Let's take a look at the major indices:
dow_20080131
Chart 1.2: Dow Jones Industrial Average (daily).
The blue-chip index rallied directly into overhead resistant around the 12700-13000 level. While the rebound from last week's low exhibit the characteristic of a bear market rally, it remains to be seen if we've got further room to run before it fails. Key support is at last week's low, about 11640.
sp500_20080131
Chart 1.3: Standard & Poors 500 Index (daily).
Similar to the Dow, the S&P had also rallied directly into the area of overhead resistant around the 1400-1420 level. As noted above, while the rebound from last week's low has the characteristic of a bear market rally, it's remained to be seen whether it still has got some rooms to push before runs out of steam. Key support is at last week's low, about 1270.
It worth notice that small cap stocks outperformed large cap in Thursday's advance with the Russell 2000 Index rose 2.56%.
russell_20080131
Chart 1.4: Russell 2000 Index (daily).
The chart looks very promising from a short-term trading perspective. Not only did the index outperformed the S&P in the advance from January's low, today trading action suggests that there is a pretty good chance that the overhead resistant around the area of the falling 50-day moving average, about 735, will be tested sooner rather than later. Support is about 650.
In summary: as noted above, while the rebound from the floor hit last week exhibits the bearish form of a typical bear market rally, it's remained to be seen whether we still have further room to run before it runs out of steam. Speaking of steam, the January employment numbers, which is scheduled to release Friday morning is going to give us some heat.
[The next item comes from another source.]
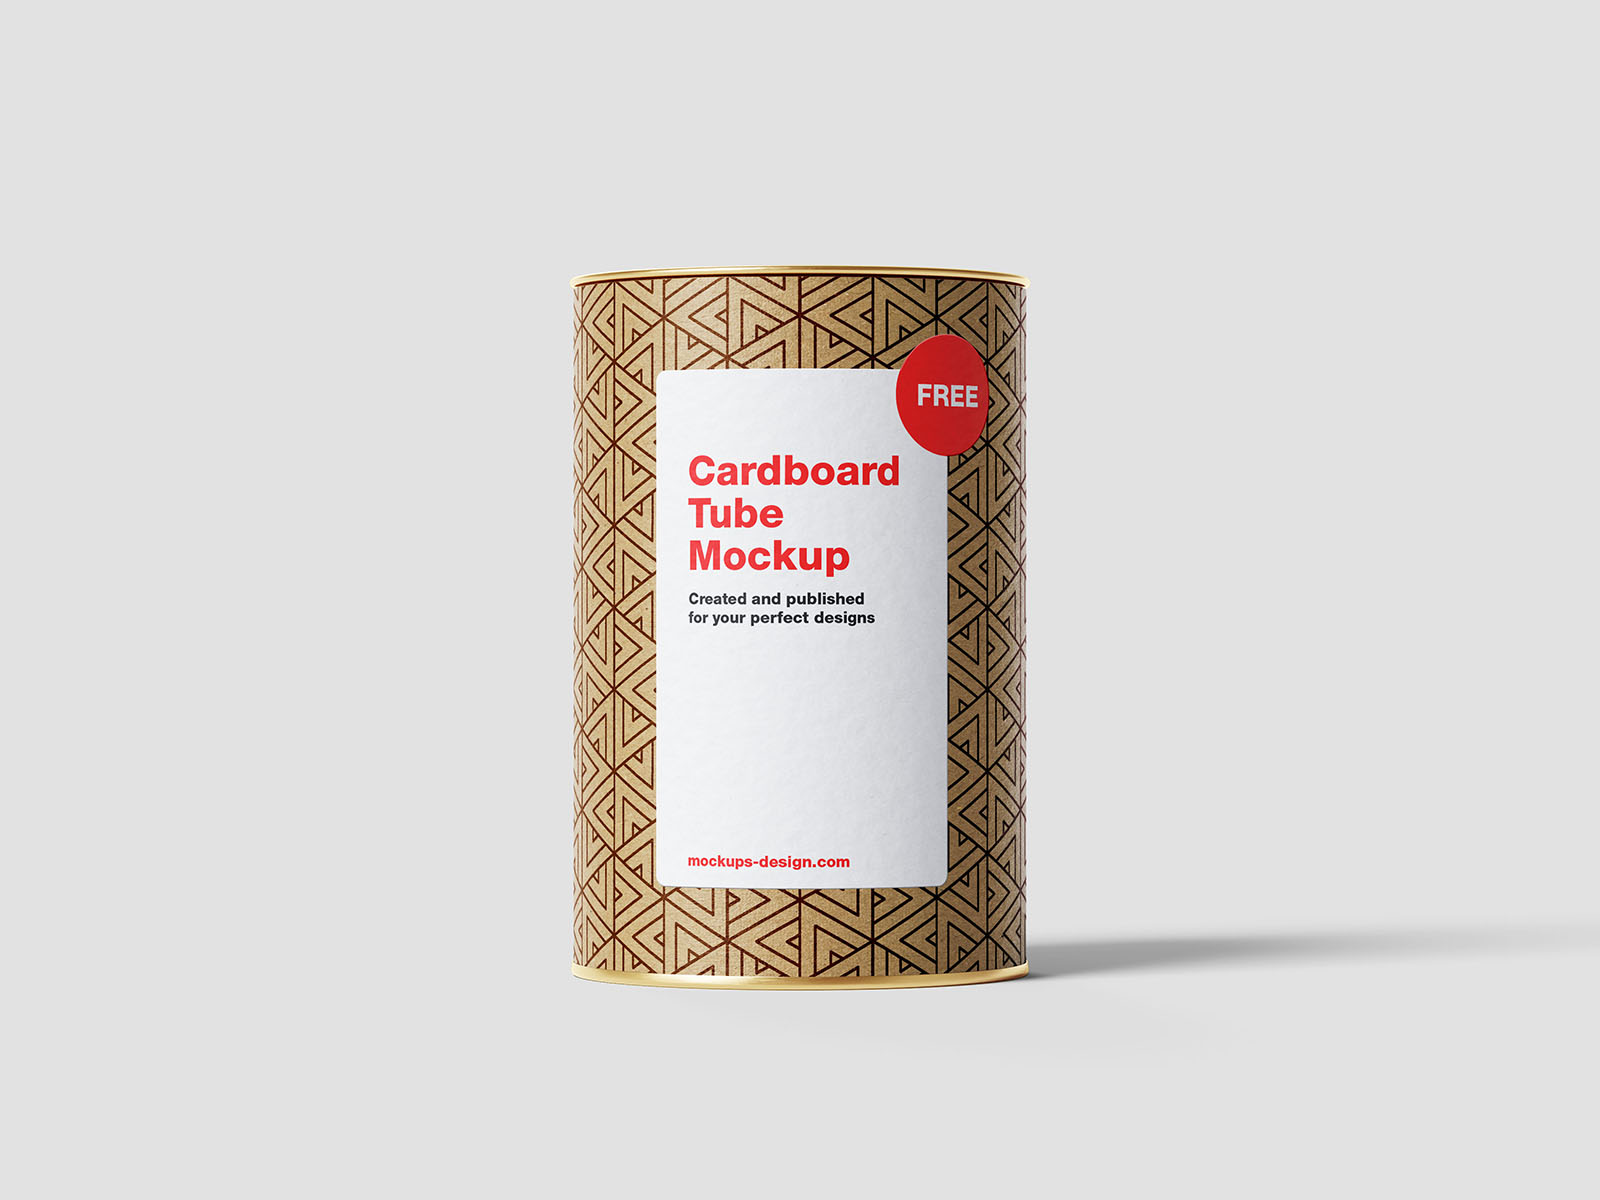 Cardboard tube mockup

The bulls want to see a strong number. It's widely believed that a "soft" reading would be a real disappointment because it's indicated that the economy is entering a recession.
 
Until next time, good luck.
(By: Michelle Mai for Capital Essence)

Note: Michelle Mai writes technical analysis for Capital Essence and is the editor of Capital Essence's "Market Outlook" newsletter. To receive the daily edition, please subscribe. It's now available at a monthly rate.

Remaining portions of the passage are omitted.